While reduced cost and increased safety was critical, so too was performance for its size, and the ability to break the occasional established speed record. We had to look for relatively inexpensive ways to increase performance with a smaller platform. One way to do this was to increase the keel draft. Another fertile area has to do with the canting keel-pin axis. This is an area of substantial increased performance relative to the VO70. With the 70, the keel pin axis was constrained to lie on the water plane and the center plane. What we have now on the VO65 is an inclined keel pin, angles at 5 degrees (see diagram on p. 60), so when the keel fin is canted it’s actually providing lift for the boat. We have a little bit of a balancing act here because the keel fin is lifting the whole boat out of the water, which reduces drag, but it also reduces the boat’s stability. The teams will have to re-learn their daggerboard settings and their keel use to find the best balance now that this area works so differently.
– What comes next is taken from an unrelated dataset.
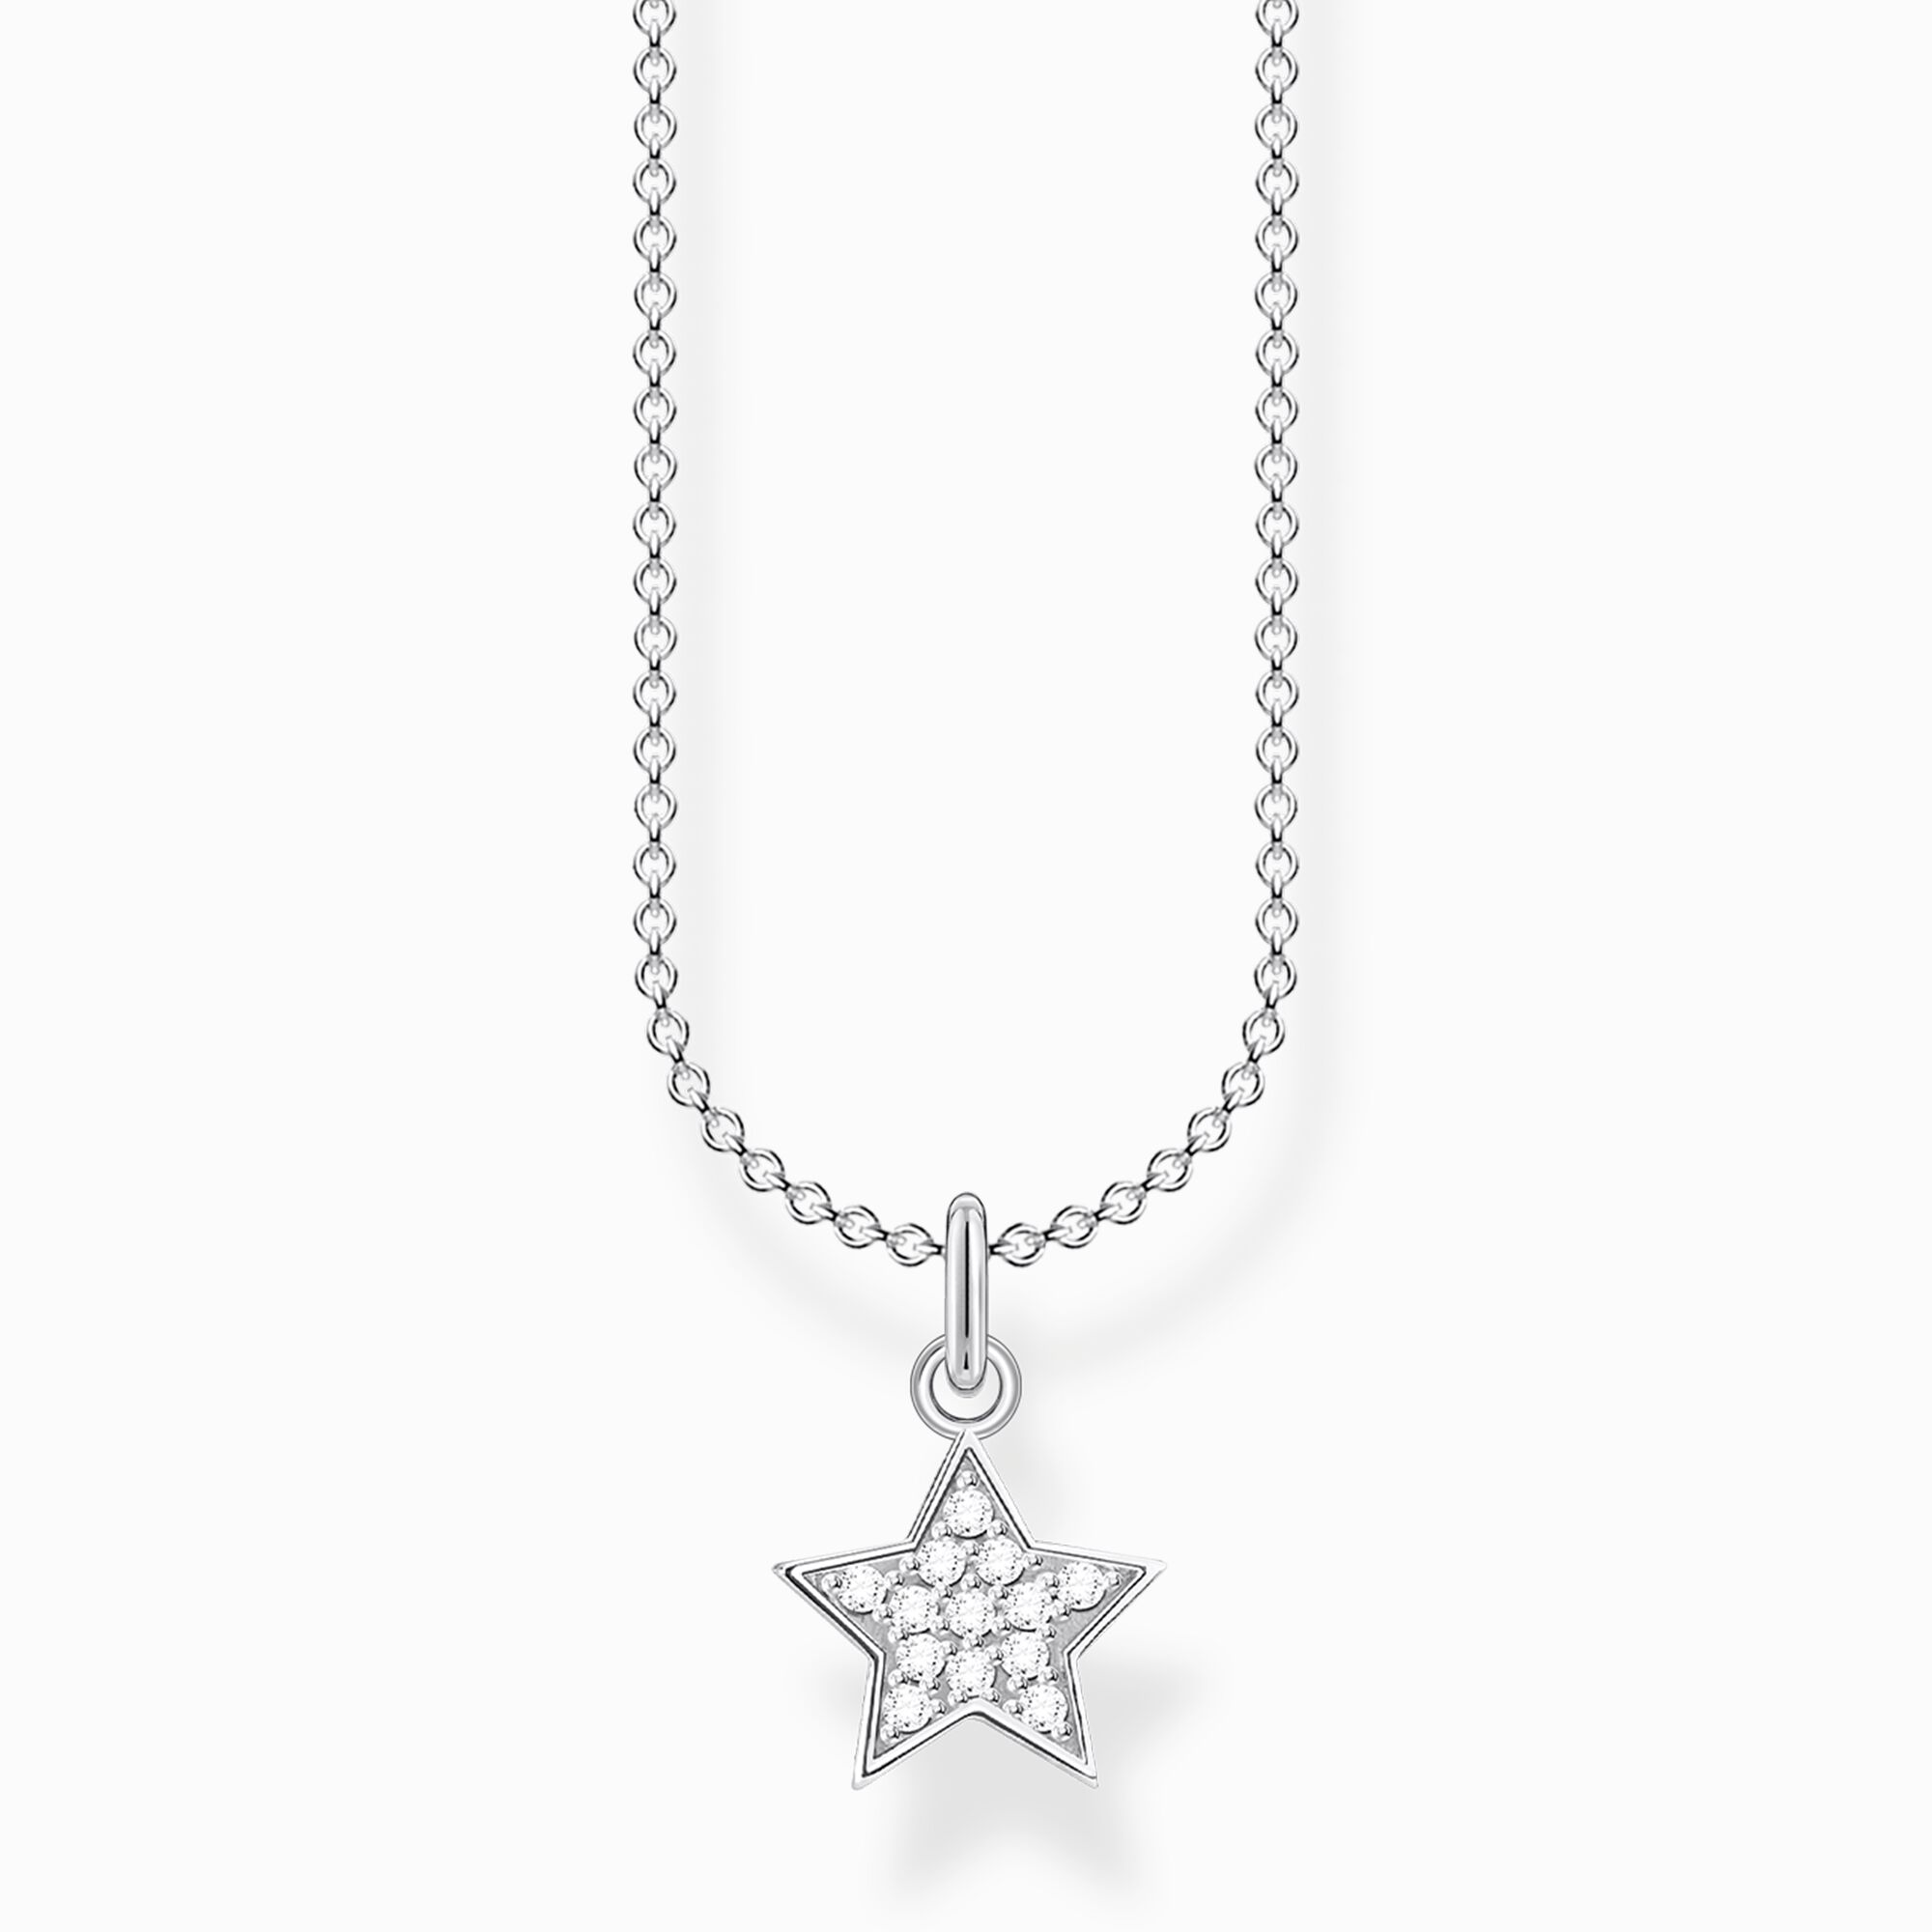 Necklace star pav&eacute; silver from the Charming Collection collection in the THOMAS SABO online store

Another area where we were able to reduce costs was with the sail plan, specifically by reducing the number of sails. One key sail of the VO70, which is no longer part of the VO65 inventory, is the overlapping genoa. The genoa was one of the biggest and hardest sails to stack and move. Removing it from the inventory acts as an equalizer for teams of smaller physical stature. Without that sail however, the total sail plan comes under pressure because of the exposed crossover gap in light air. The VO70s would sail upwind with a VMG up to 14 knots with an overlapping genoa (G1), then change to a non-overlapping jib (J1), and on up through the inventory. Without a G1 we’ve created a potential gap in the upwind inventory, so we’ve responded by increasing the total rig height. The resulting fore-triangle height is the same as the 70, and we now have a J1 that is essentially the same size as the one on the 70. By doing that we’ve added horsepower in the base upwind sail inventory, but we’ve also created a more tender boat that will have to be reefed earlier.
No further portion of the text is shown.